-- Opening Marker --

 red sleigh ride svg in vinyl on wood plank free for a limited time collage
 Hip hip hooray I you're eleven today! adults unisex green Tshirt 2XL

-- Closing Marker --
-- Opening Marker --

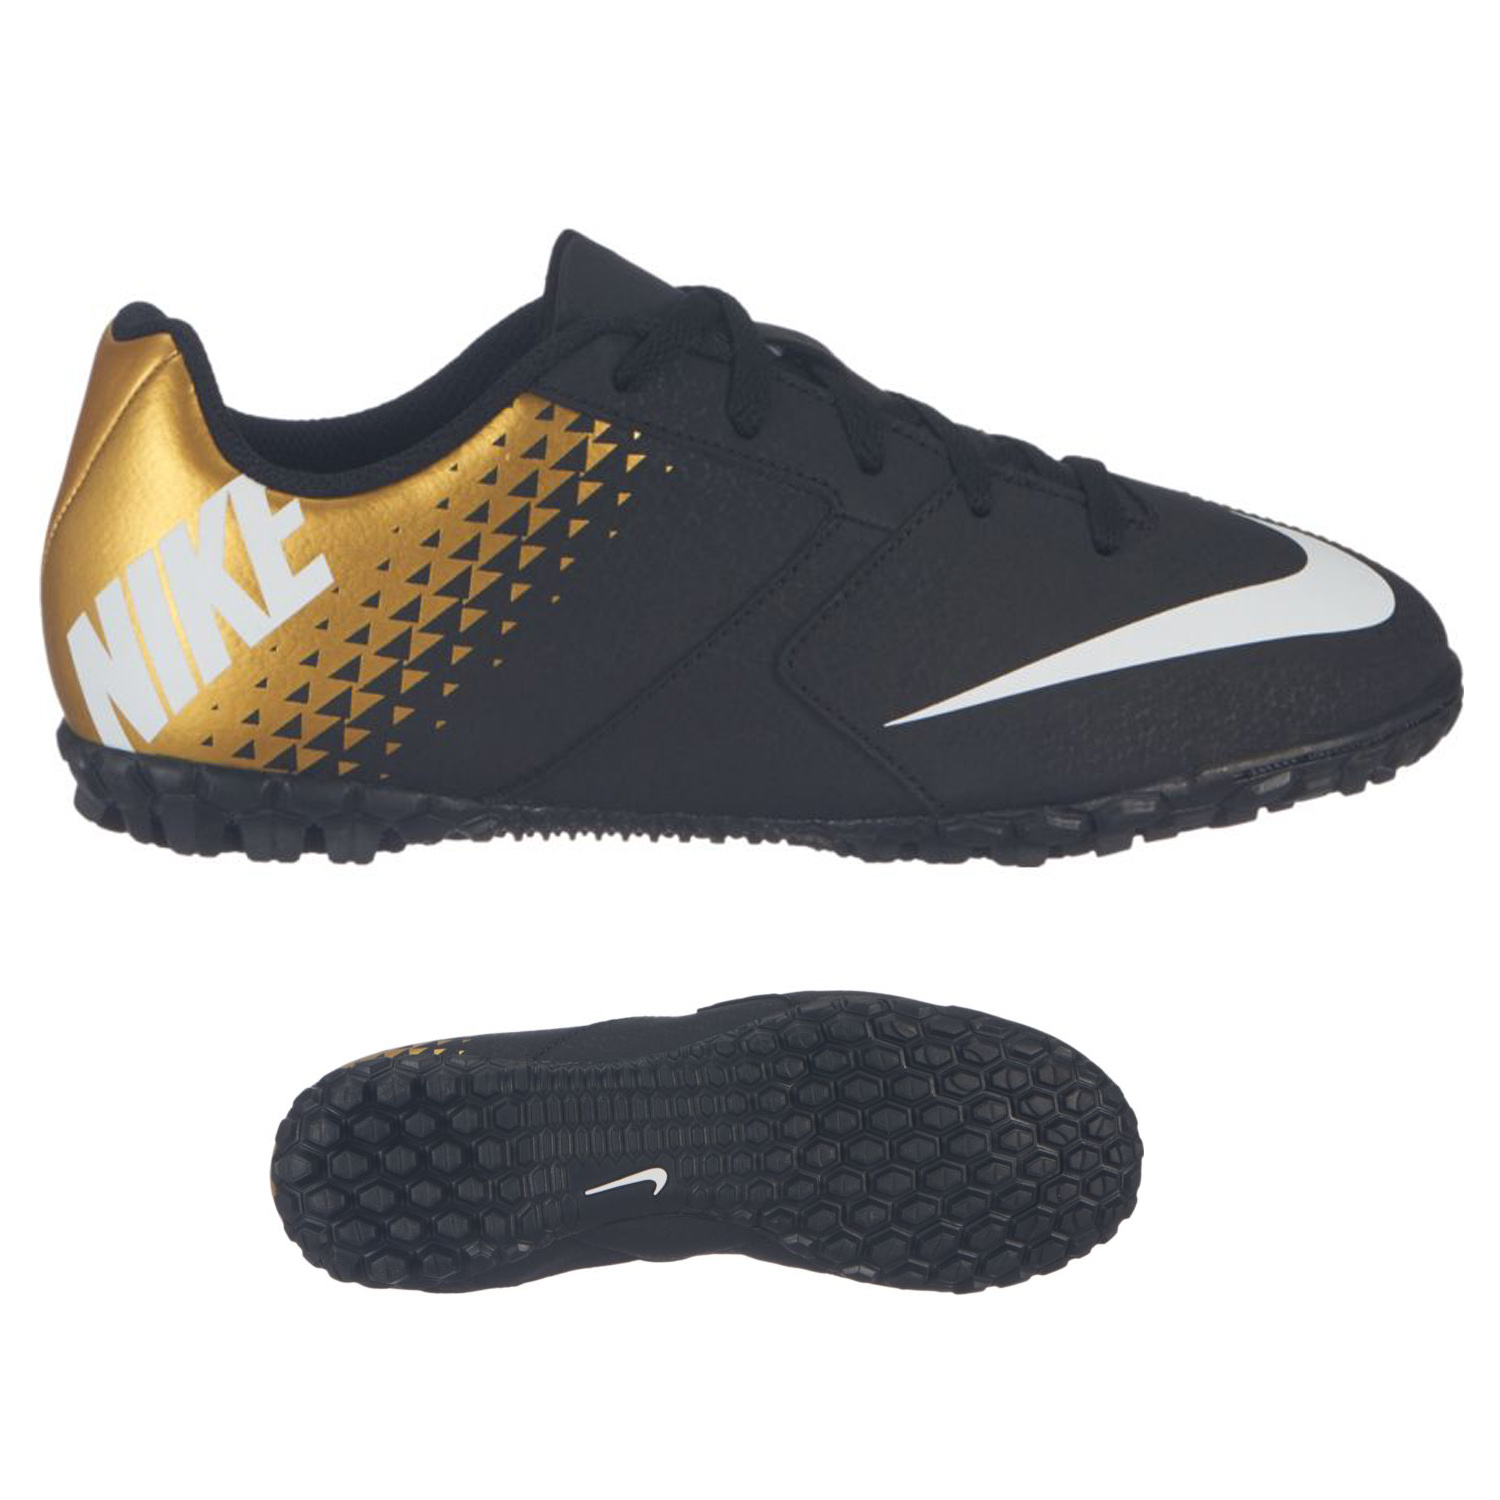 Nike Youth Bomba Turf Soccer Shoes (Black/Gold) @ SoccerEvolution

-- Closing Marker --
-- Opening Marker --

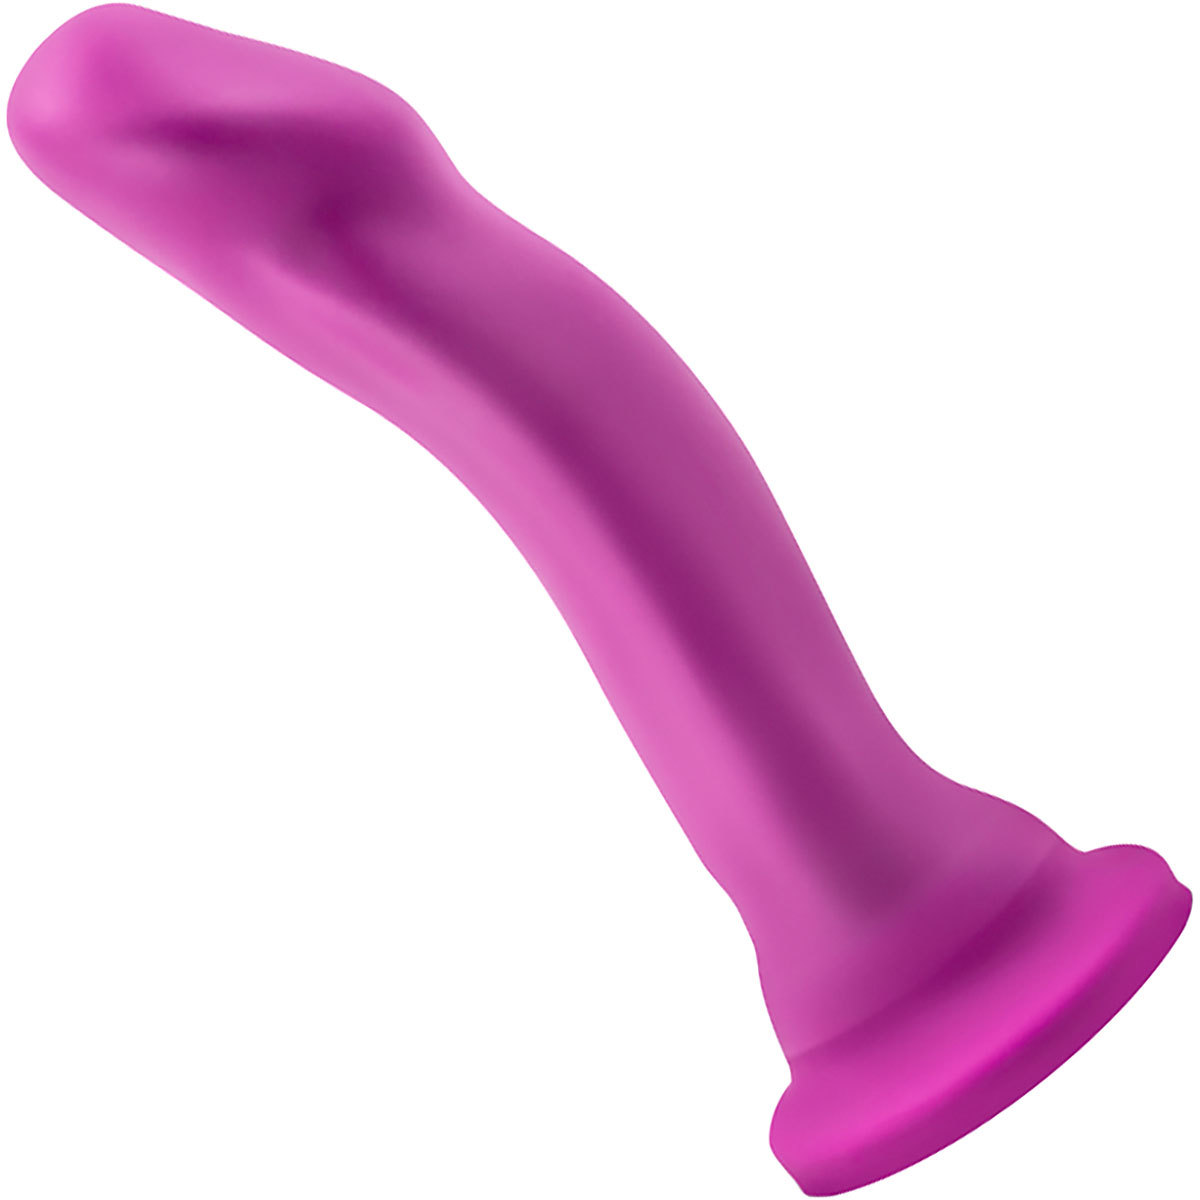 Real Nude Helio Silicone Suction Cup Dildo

-- Closing Marker --

Beginning at the line with "red sleigh ride" and ending at the line with "Hip hip hooray", reproduce each line of the data above exactly, and add no other lines.

 red sleigh ride svg in vinyl on wood plank free for a limited time collage
 Hip hip hooray I you're eleven today! adults unisex green Tshirt 2XL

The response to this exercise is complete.